Gow, K. (1996). Making a god of self-esteem: the tyranny of misdirected sentiment.

Gow’s article deals with the premises underlying the issue of Self Esteem as it was defined and taught by the Values Clarification Movement of the sixties and the Political Correctness Movement of the nineties. Both movements hold that it is improper for teachers to indoctrinate their students with certain values.
The purpose of the article is to show that a proper view of self as a whole person requires a moral vision, not merely a set of moral ideals. Gow emphasizes the difference between moral ideas and moral vision. Ideals are external concepts, objectives towards which one may strive. Vision indicates involvement and personal experience. An ideal can be dismissed as simply that. A vision cannot be dismissed because it is experienced, it is alive and personally compelling. Moral ideals can be taught, moral visions are ‘caught’.
Gow uses Math instruction to examine the role of methodology. She wants to show that the fear of indoctrination is usually based on misunderstanding of what accepting values and ‘doctrines’ really means. Math teachers set as their main goal the development of their students’ a math ‘sense’. This is the awareness that they are dealing with fundamental realities, that Math is a holistic endeavour. While the teacher realizes that basic mathematical theorems and truths are important, he will not present them to be learned by rote, rather he provides an experience by which the students begins to uncover and discover this reality by themselves. The Math teacher realizes that mere learning of rules will not help the student to use Math as an integral part of life. It is only as the students are given the opportunity to test these theorems, in the sense that they embrace and personally experience their reality that they may genuinely validate their truths and know why and to what end they may apply them meaningfully and creatively in problem solving. Emphases of this experience helps the students to move from a focus on getting the right answers to a connection with Math’s universal and holistic nature. It is important to stress the goal of developing this Math sense, because without it the students will become increasing disenchanted and disengaged from investing themselves in it as a serious endeavour.
The parallels with the teaching of moral values are clear. For students to validate and commit to a certain value they first has to have the opportunity to test and experience that value personally. Without that opportunity for testing the students will see these principles as ‘ponderous rules and abstractions’. They may be taught as ‘obvious fact’ but they will have no real meaning for the student because they have no personal connection.

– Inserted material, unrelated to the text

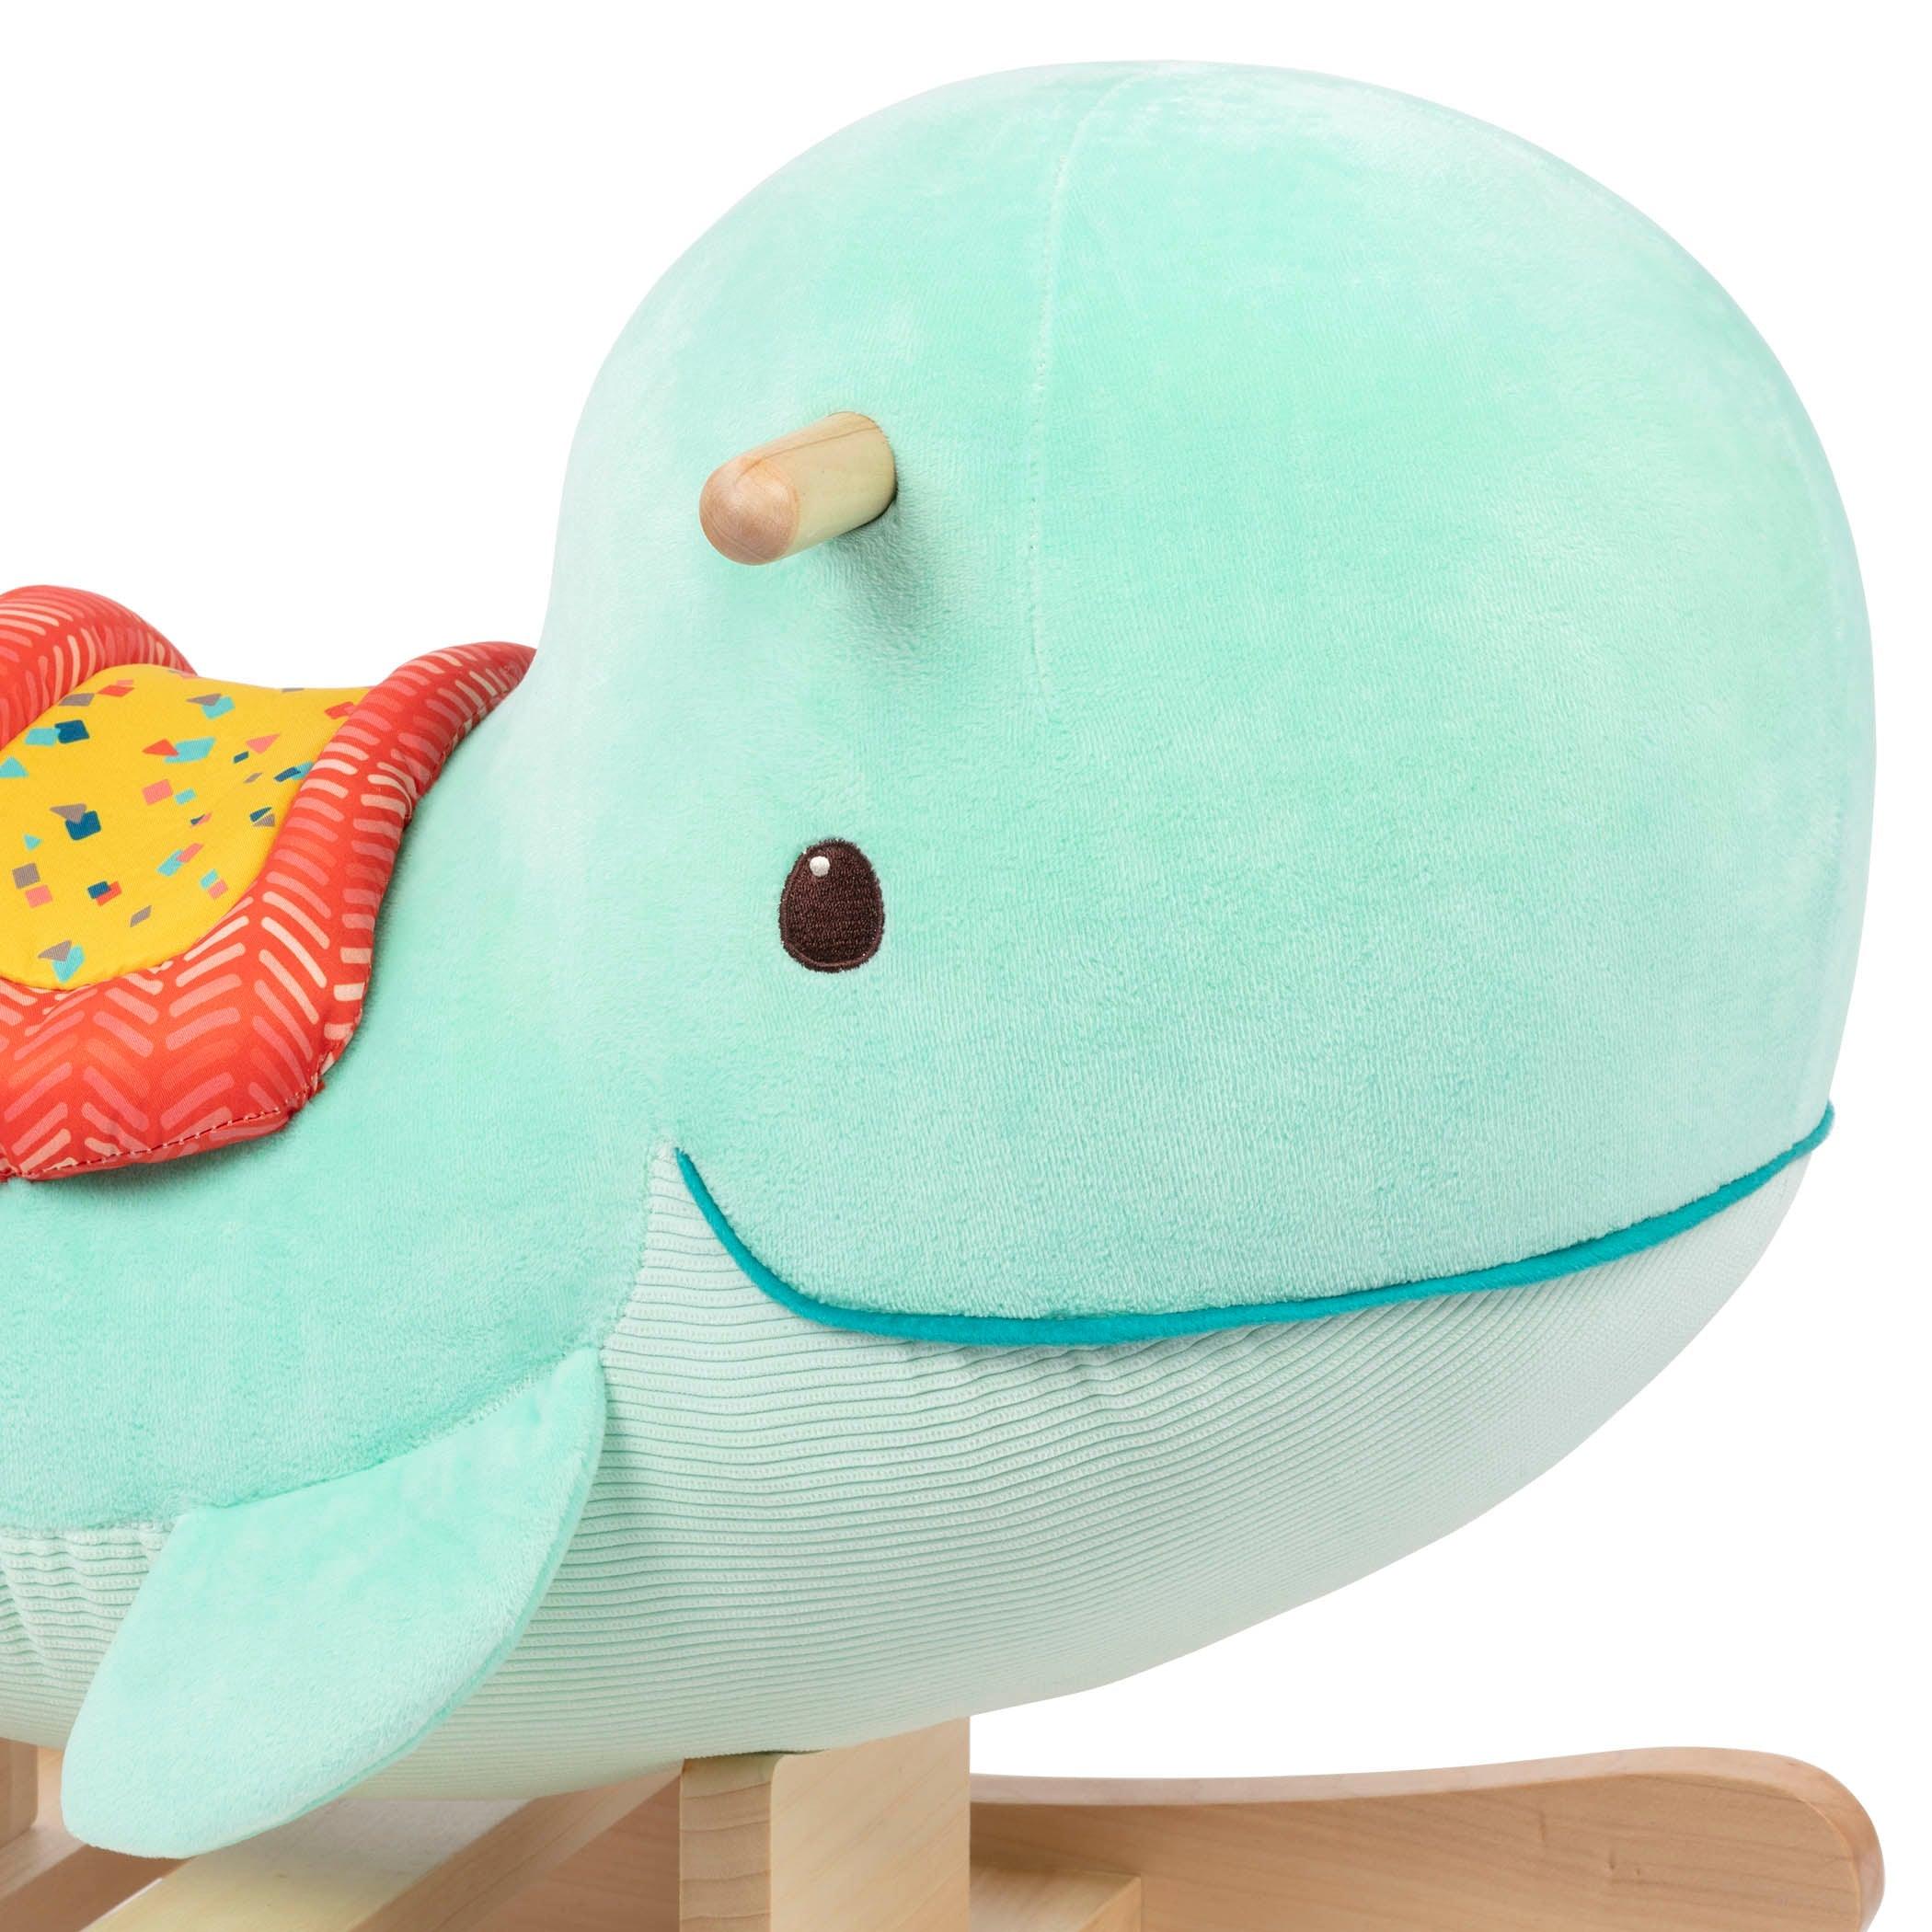 B.Toys: wieloryb na biegunach Whale Rocker Echo - Noski Noski

Moral vision is taught, or rather, caught in relationships. It is in relationships that one knows compassion, not merely as a desirable ideal, but as a personal experience. One can therefore connect with it as having reality and intrinsic validity.

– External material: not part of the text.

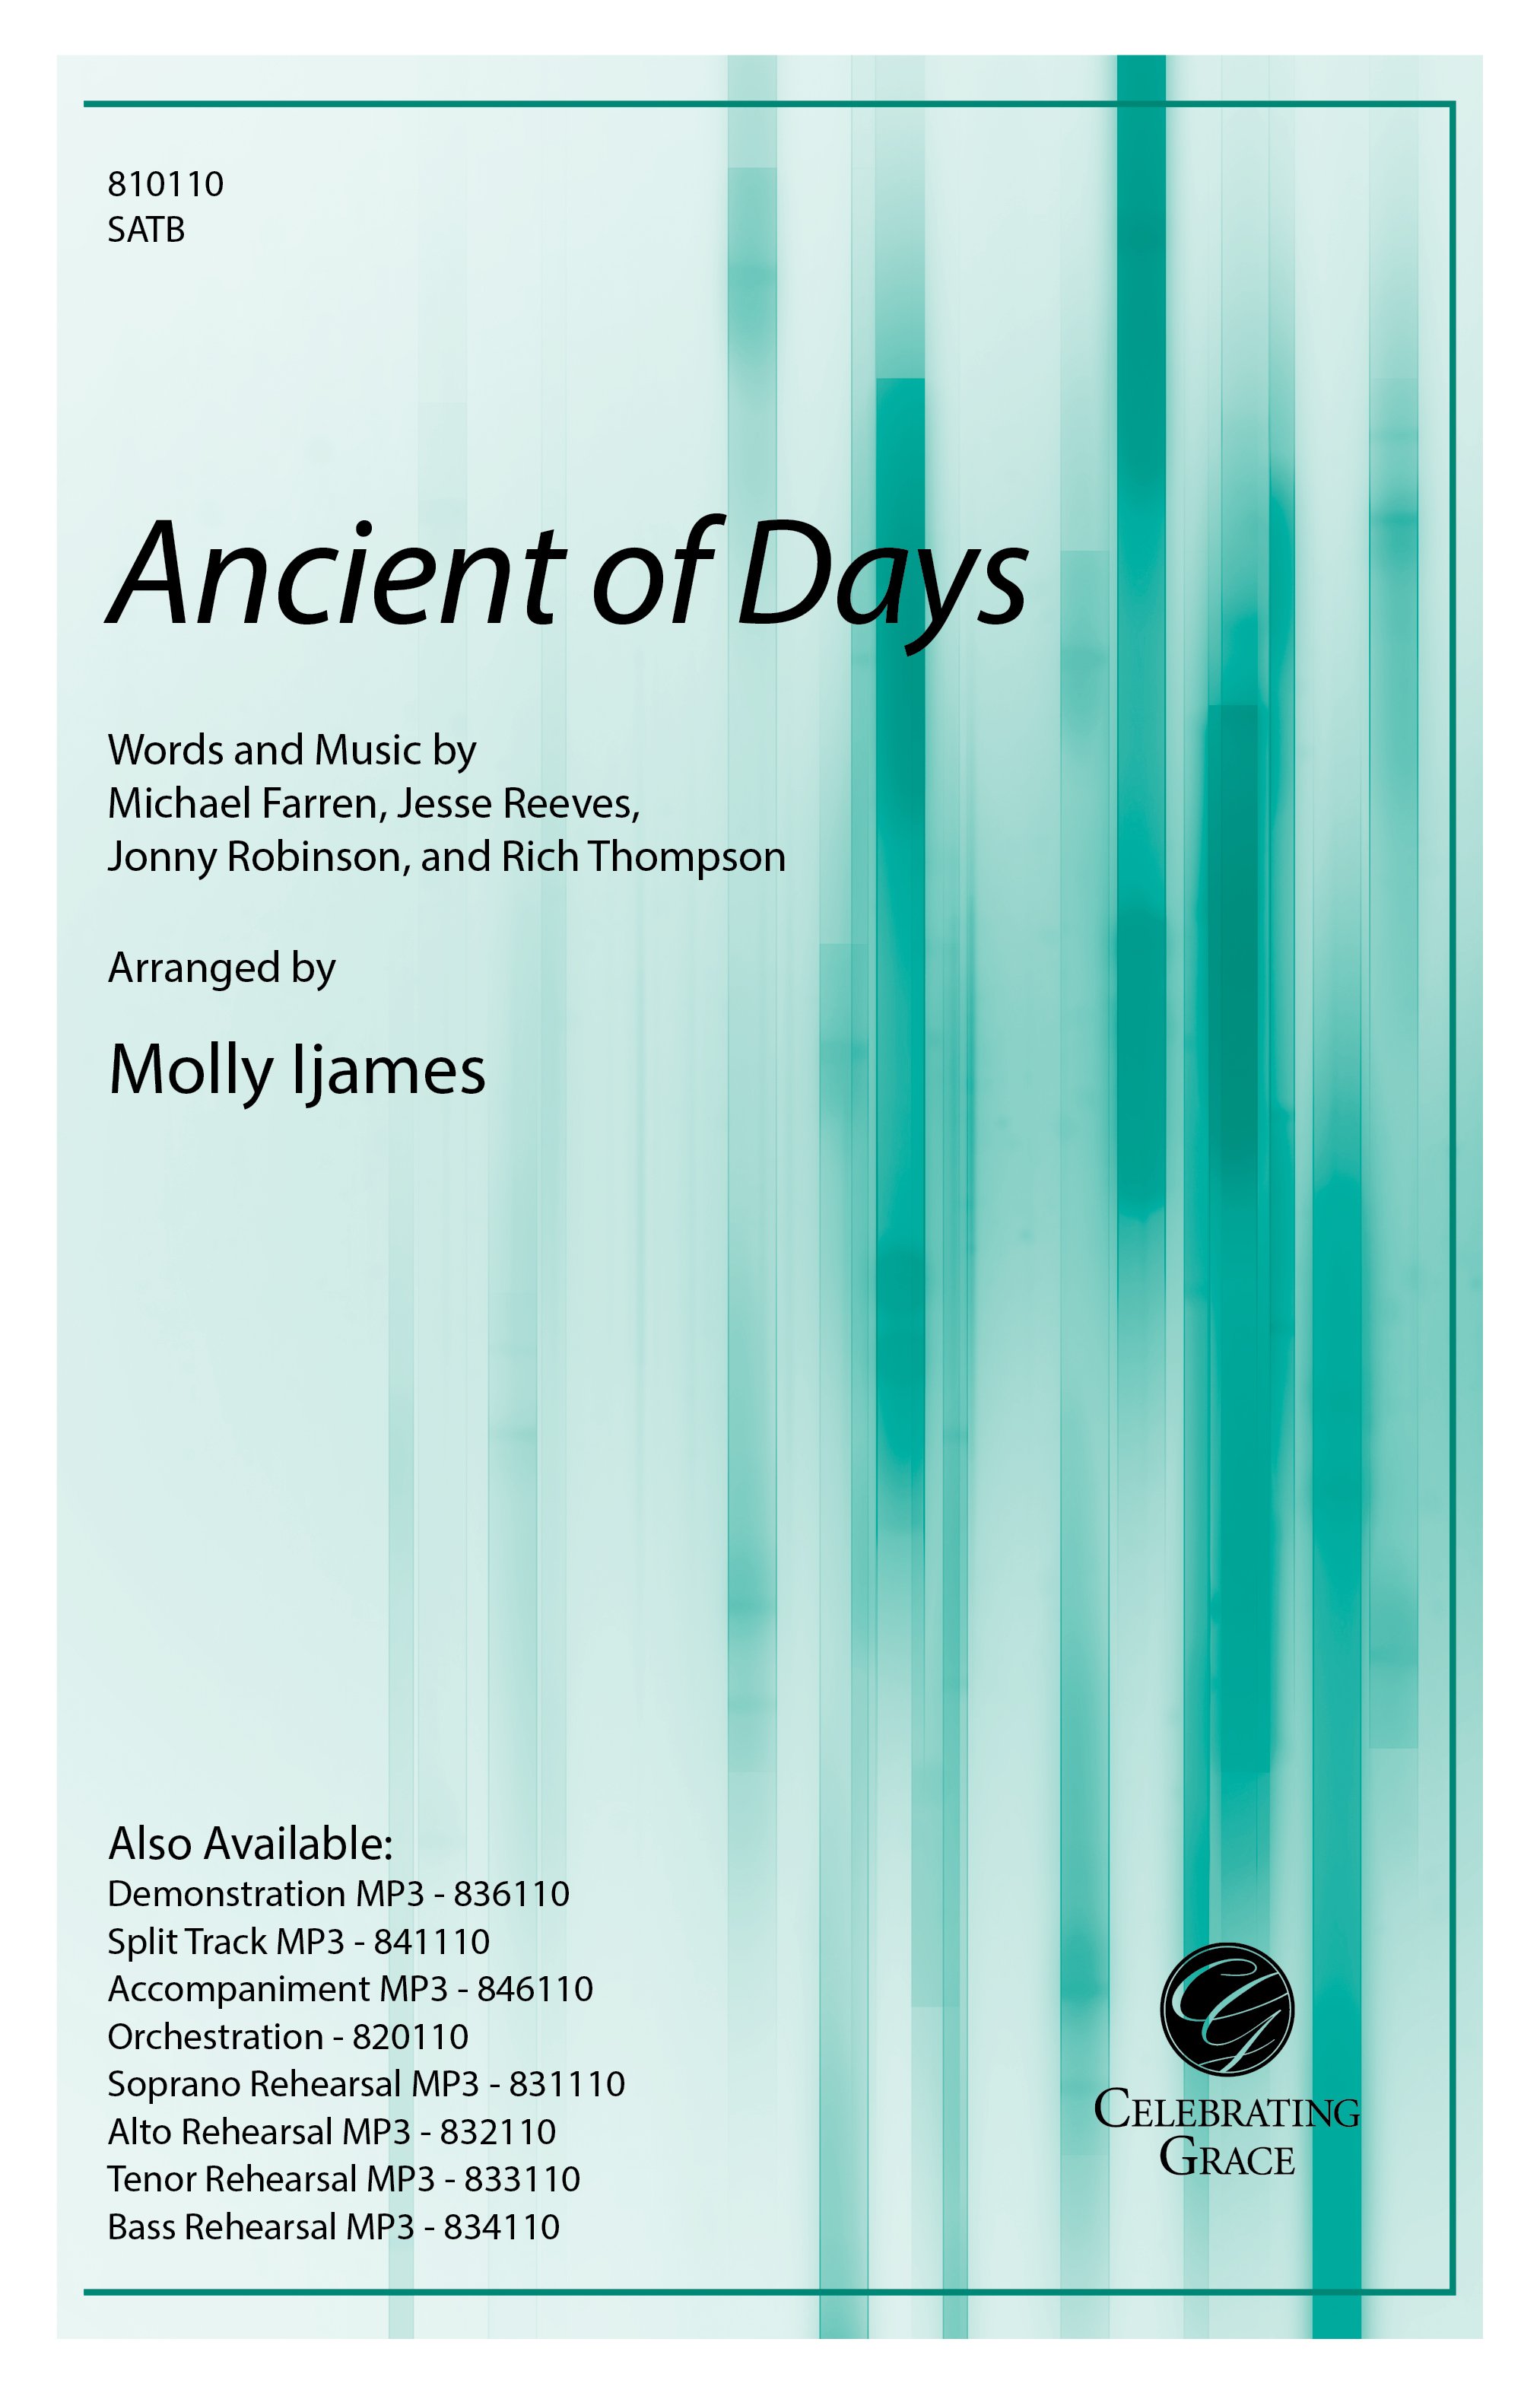 Ancient of Days church choir sheet music cover

Now the matter of indoctrination becomes clear as well. I cannot indoctrinate someone with a value that has become part of me. It will be obvious that it is not just an external ideal that I want my student to adopt, but that it is part of my own experience. If, through experience and testing, I have adopted compassion as an important value, I will not teach it as an ideal but my students will catch it as a vision because I have become a compassionate person. I will be compassionate even when it is difficult. It has become for me a deep and consistent commitment of will and heart.
Gow’s comparison to Math instruction is a powerful metaphor that has the potential to convince readers of the need to live values more that teach them. Her article provides fresh insights that speak to the issues of value indoctrination. Her references to methodologies will be a valuable guideline during formulation of my research instrument.